All lines from the one holding "O Milling Machine" to the end of the listing are to be output exactly, both ends included, with any pictures left out.

§ **Study material**:
┌──
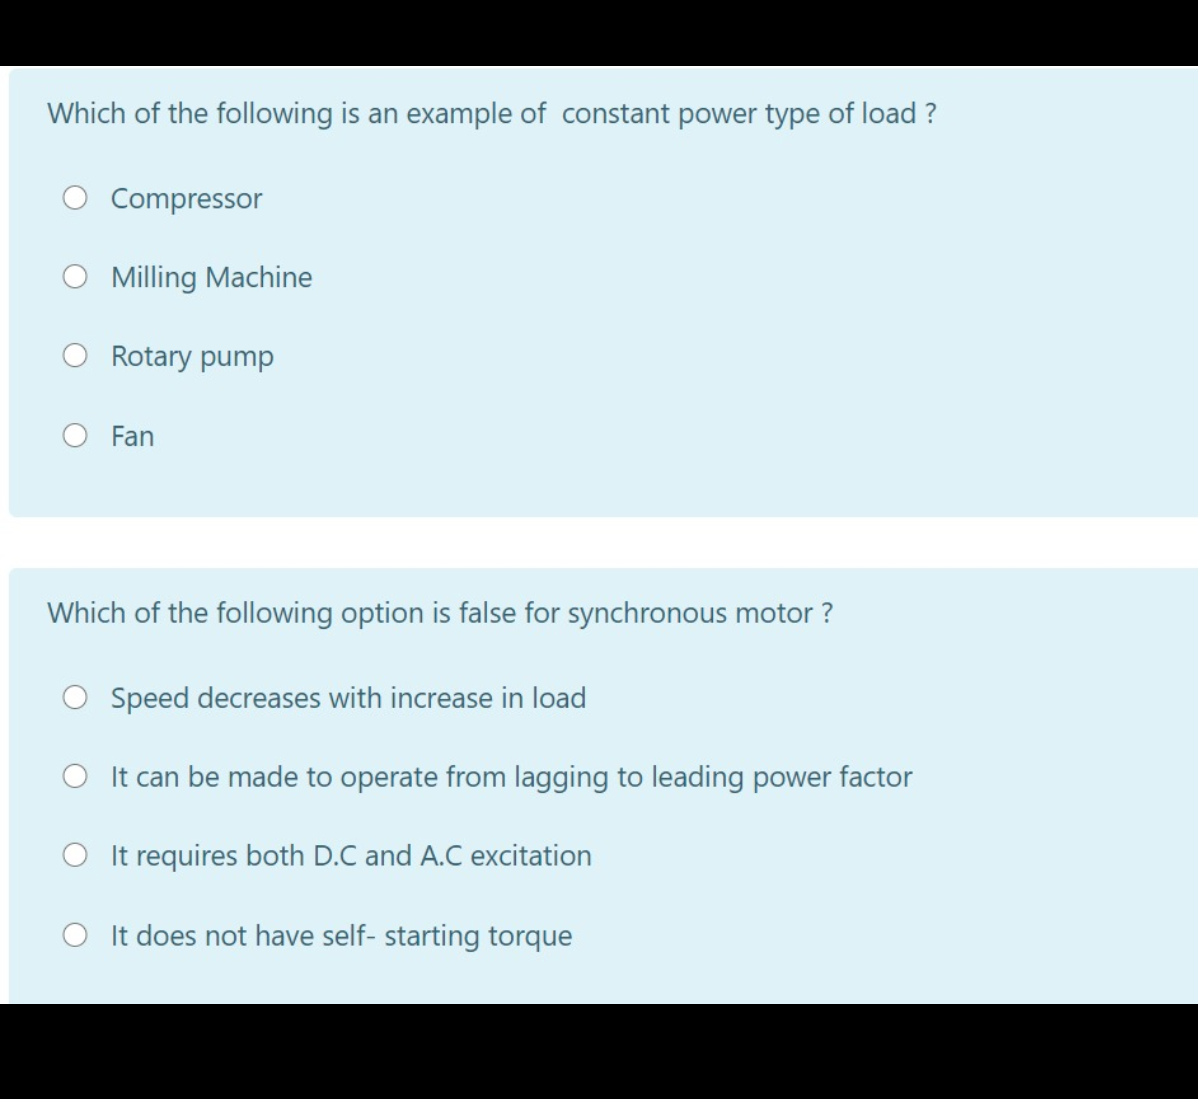 Which of the following is an example of constant power type of load ?
Compressor
O Milling Machine
Rotary pump
Fan
Which of the following option is false for synchronous motor ?
O Speed decreases with increase in load
O It can be made to operate from lagging to leading power factor
O It requires both D.C and A.C excitation
O It does not have self- starting torque
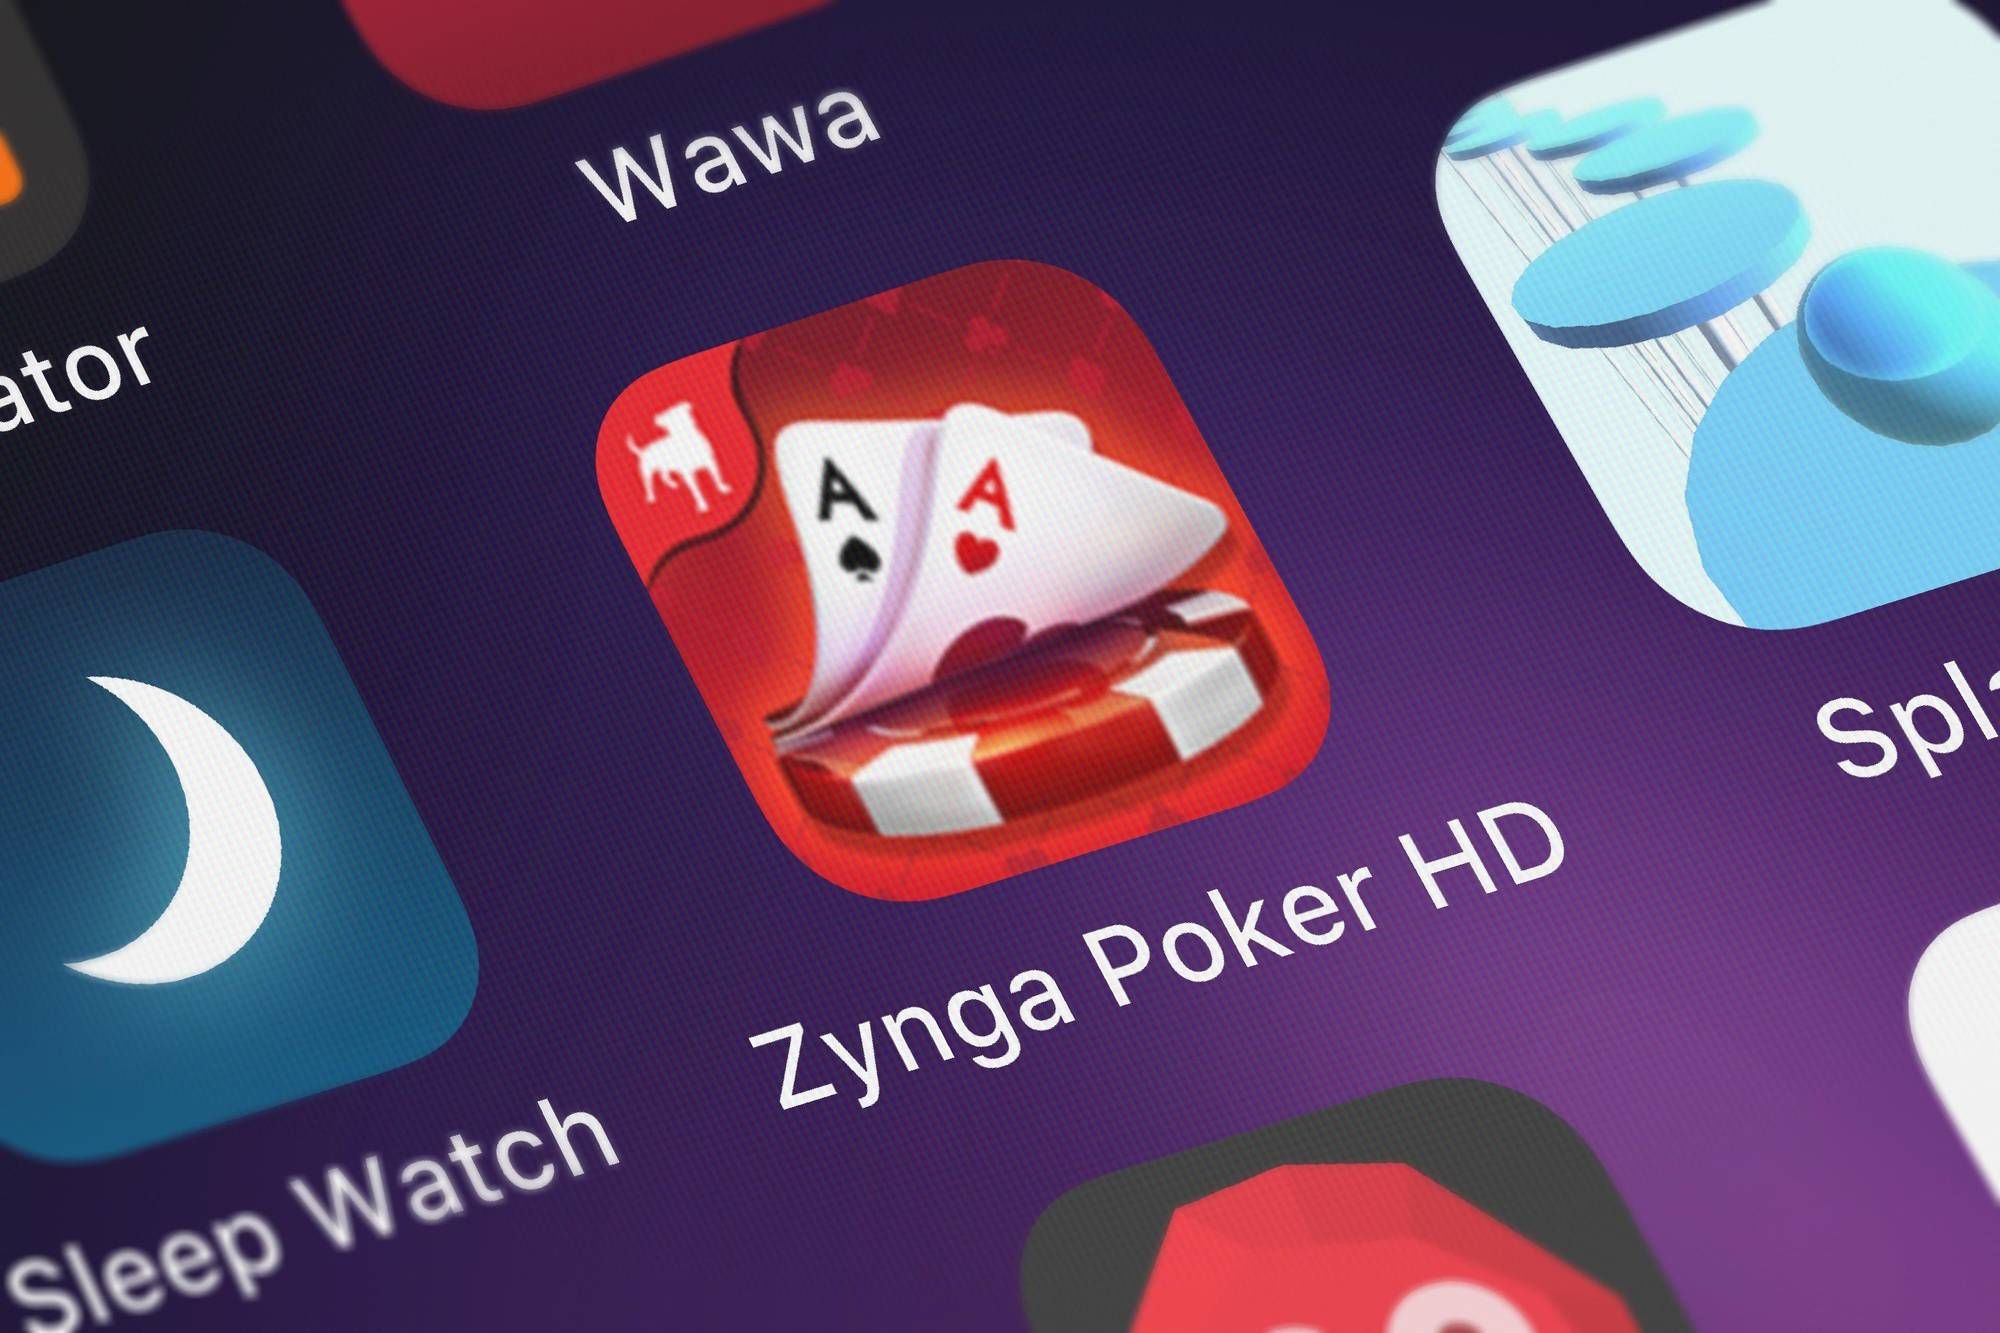 Apple class action lawsuit over mobile apps such as Zynga.
└──
§ **Exercise answer**:
O Milling Machine
Rotary pump
Fan
Which of the following option is false for synchronous motor ?
O Speed decreases with increase in load
O It can be made to operate from lagging to leading power factor
O It requires both D.C and A.C excitation
O It does not have self- starting torque
 Apple class action lawsuit over mobile apps such as Zynga.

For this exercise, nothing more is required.